V DOPO PENTECOSTE - Lc 13, 23-29


Ci siamo lasciati domenica scorsa con il grido del sangue di Abele che rimaneva sospeso a mezzaria senza nemmeno la possibilità della vendetta, perché il Signore aveva dichiarato la sua protezione per Caino, ed oggi la Genesi rincara la dose facendoci ascoltare un altro grido.

Oggi il grido sale da una città, anzi da due città Sodoma e Gomorra, città il cui peccato è troppo grande, troppo grave e che fa ricordare anche un altro grido: quello degli israeliti che ridotti schiavi in Egitto gridavano la mancanza totale di diritto e di giustizia.

Non è forse questo il motivo per cui gran parte dell’umanità ancora oggi grida la sua disperazione: perché manca di giustizia e diritto? E non sono forse proprio la mancanza del diritto e della giustizia a condurre una città, una società, l’umanità all’autodistruzione? Succede come a Sodoma e a Gomorra che quando vengono meno i diritti e i doveri fondamentali dell’uomo si imbocca una strada che conduce alla violenza, alla guerra.

Come è stato più volte detto: I fiumi di sangue sono sempre preceduti da torrenti di fango. Ed è un dato storico incontrovertibile, lo possiamo ricostruire nelle vicende che hanno preceduto le due grandi guerre, lo ritroviamo nelle ribellioni e rivoluzioni disseminate quale e là.

Con una certa preoccupazione lo registriamo oggi quando fiumi di fango vengono a stravolgere la comunicazione e la fiducia; quando il fango dell’odio e della discriminazione, del pregiudizio e della violenza verbale emargina ed esclude; quando fiumi di fango dell’istigazione e dell’ignoranza ci fanno gridare: dove andiamo a finire? Dobbiamo aspettarci fiumi di sangue?

Non voglio essere profeta di sventura, anzi, è proprio questa la provocazione che ci viene dalla parola di Dio: non rassegniamoci all’inevitabile, piuttosto assumiamo noi stessi l’atteggiamento di Abramo. Dietro questa immagine di contrattazione che Abramo sostiene con Dio, simile a una di quelle situazioni che forse anche a noi è capitato di vivere in qualche suk o mercatino arabo per ridurre il prezzo della cosa che volevamo comprare, sembrerebbe quasi che il patriarca voglia insegnare a Dio a fare il suo mestiere.

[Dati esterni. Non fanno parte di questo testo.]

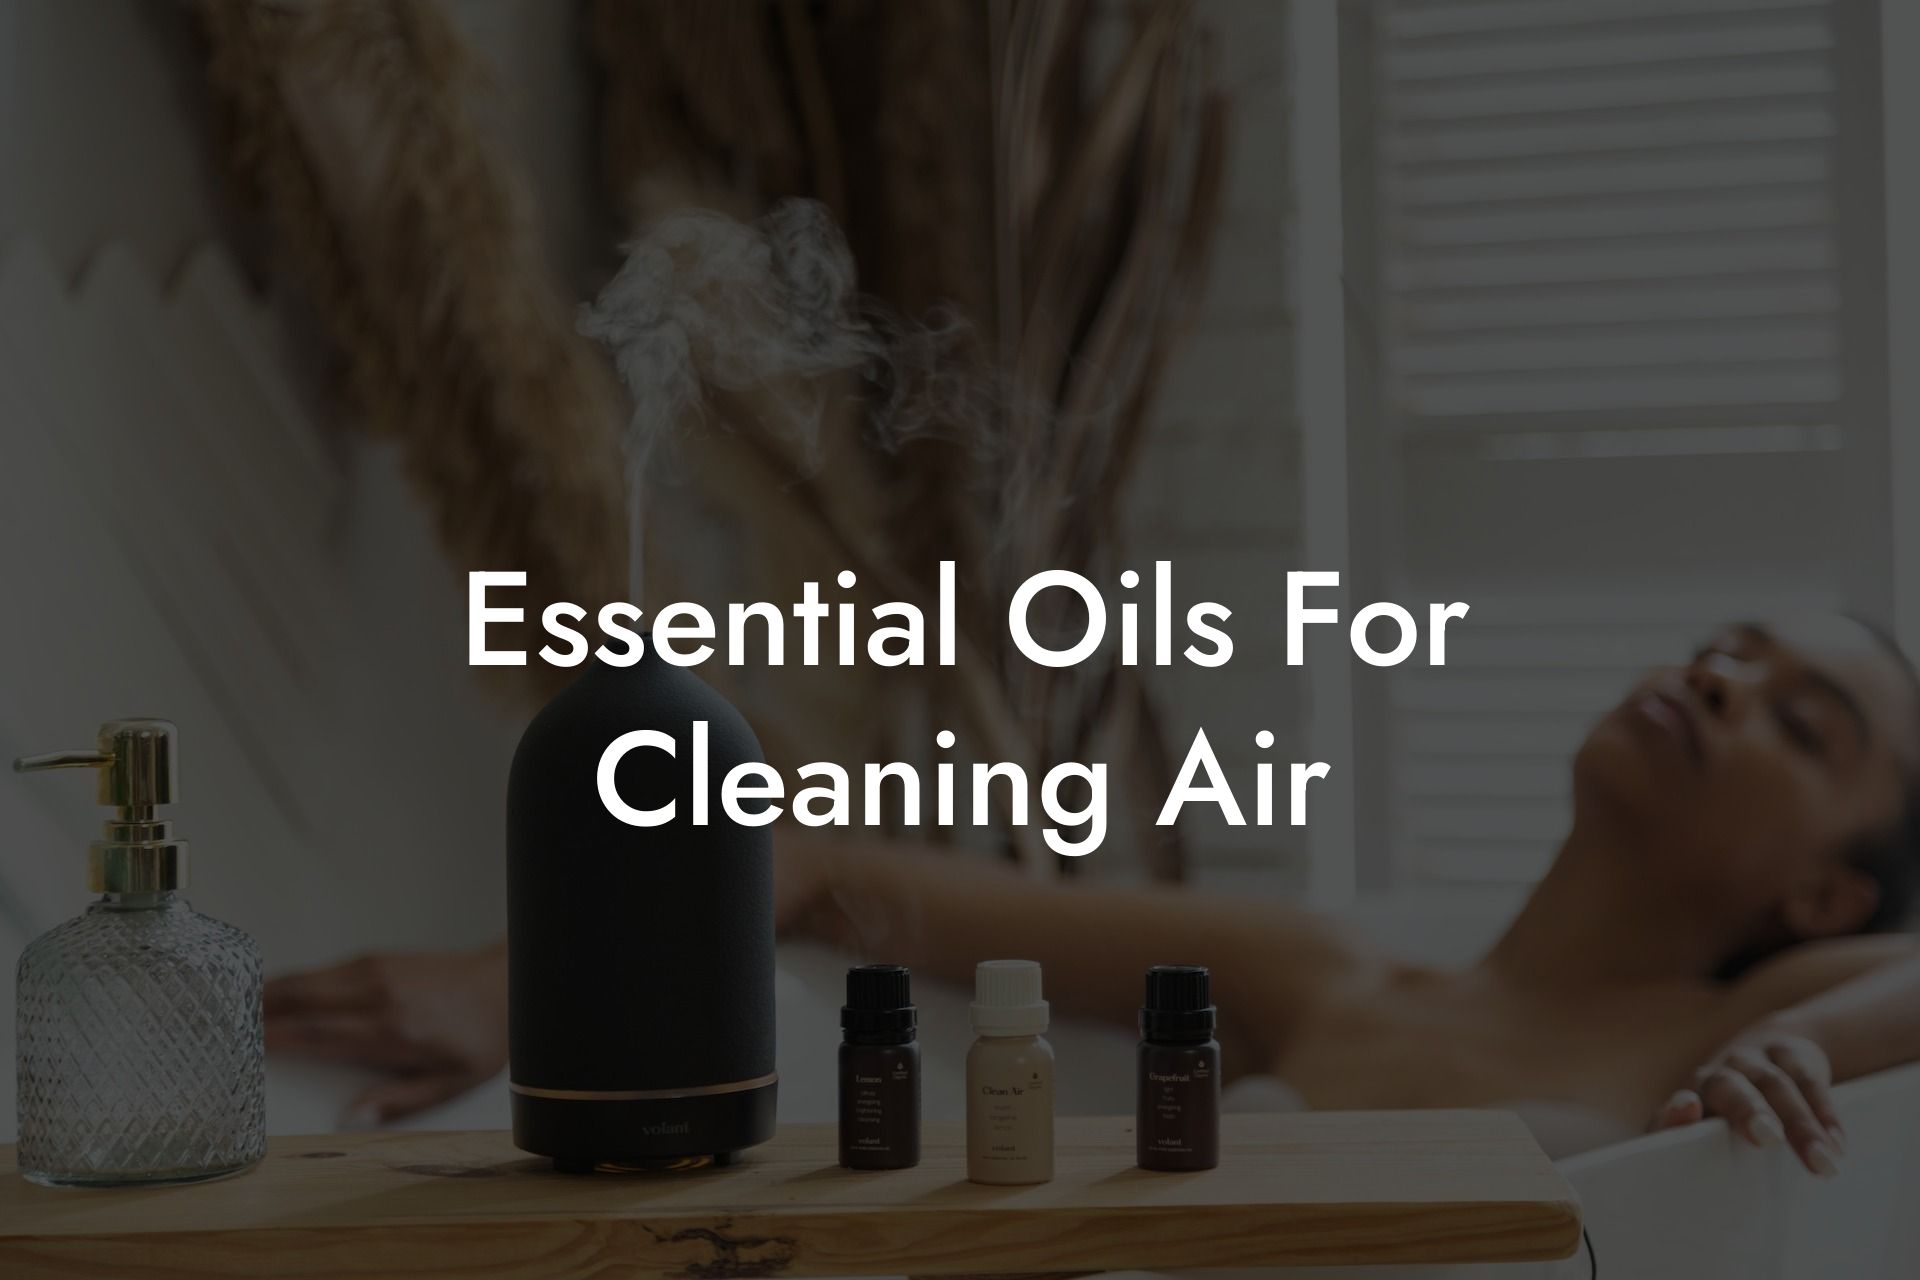 Essential Oils For Cleaning Air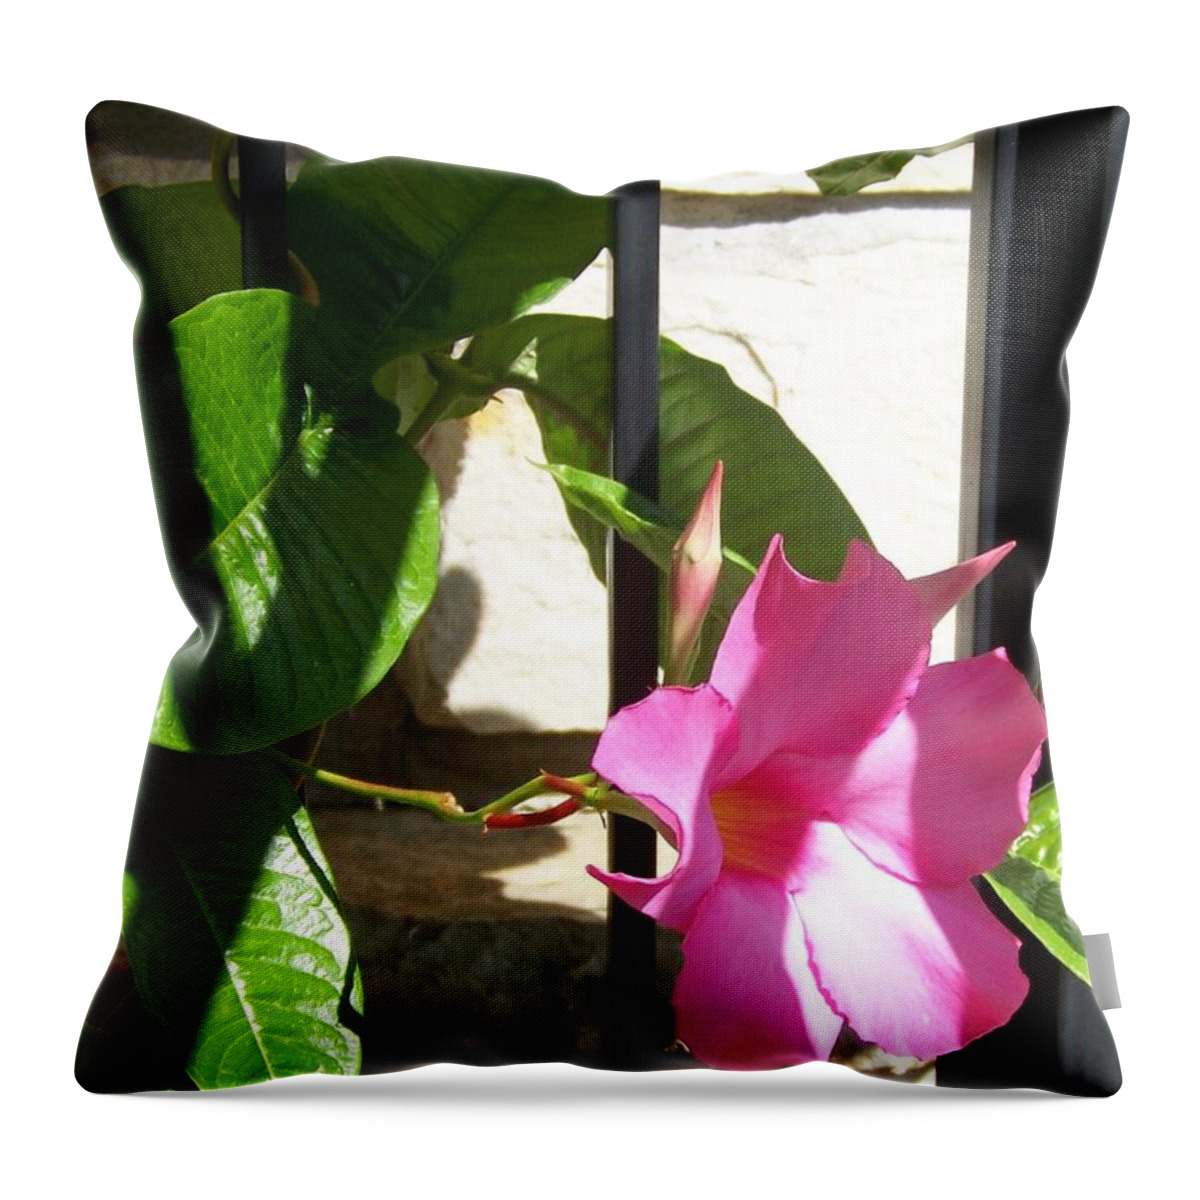 Blossom Throw Pillow featuring the photograph Summer Blossom by Jackie Mueller-Jones

In realtà emerge tutta l’ostinazione di Abramo nel cercare di vedere e di riconoscere nel buio anche solo una fessura di speranza. Fare tre domande nel mondo semitico era davvero più che sufficiente! Abramo raddoppia nella speranza che Dio possa trovare qualche giusto. Se io trovo, dice l’Eterno. Perché Abramo è un uomo di fede in Dio, ma è anche capace di una inguaribile fiducia nell’uomo, nel genere umano. Non sono tutti così, sembra dire il patriarca, ci sarà pure qualcuno capace di arginare l’onda di fango!

Proviamo a immaginare la scena: mettiamoci su quella terrazza naturale dalla quale Abramo vede in un colpo d’occhio le due città. Conosce benissimo la loro iniquità, l’ingiustizia, la corruzione… insomma conosce il fango in cui sono immerse, eppure da quella terrazza ha una prospettiva diversa, di futuro, di speranza, di giustizia.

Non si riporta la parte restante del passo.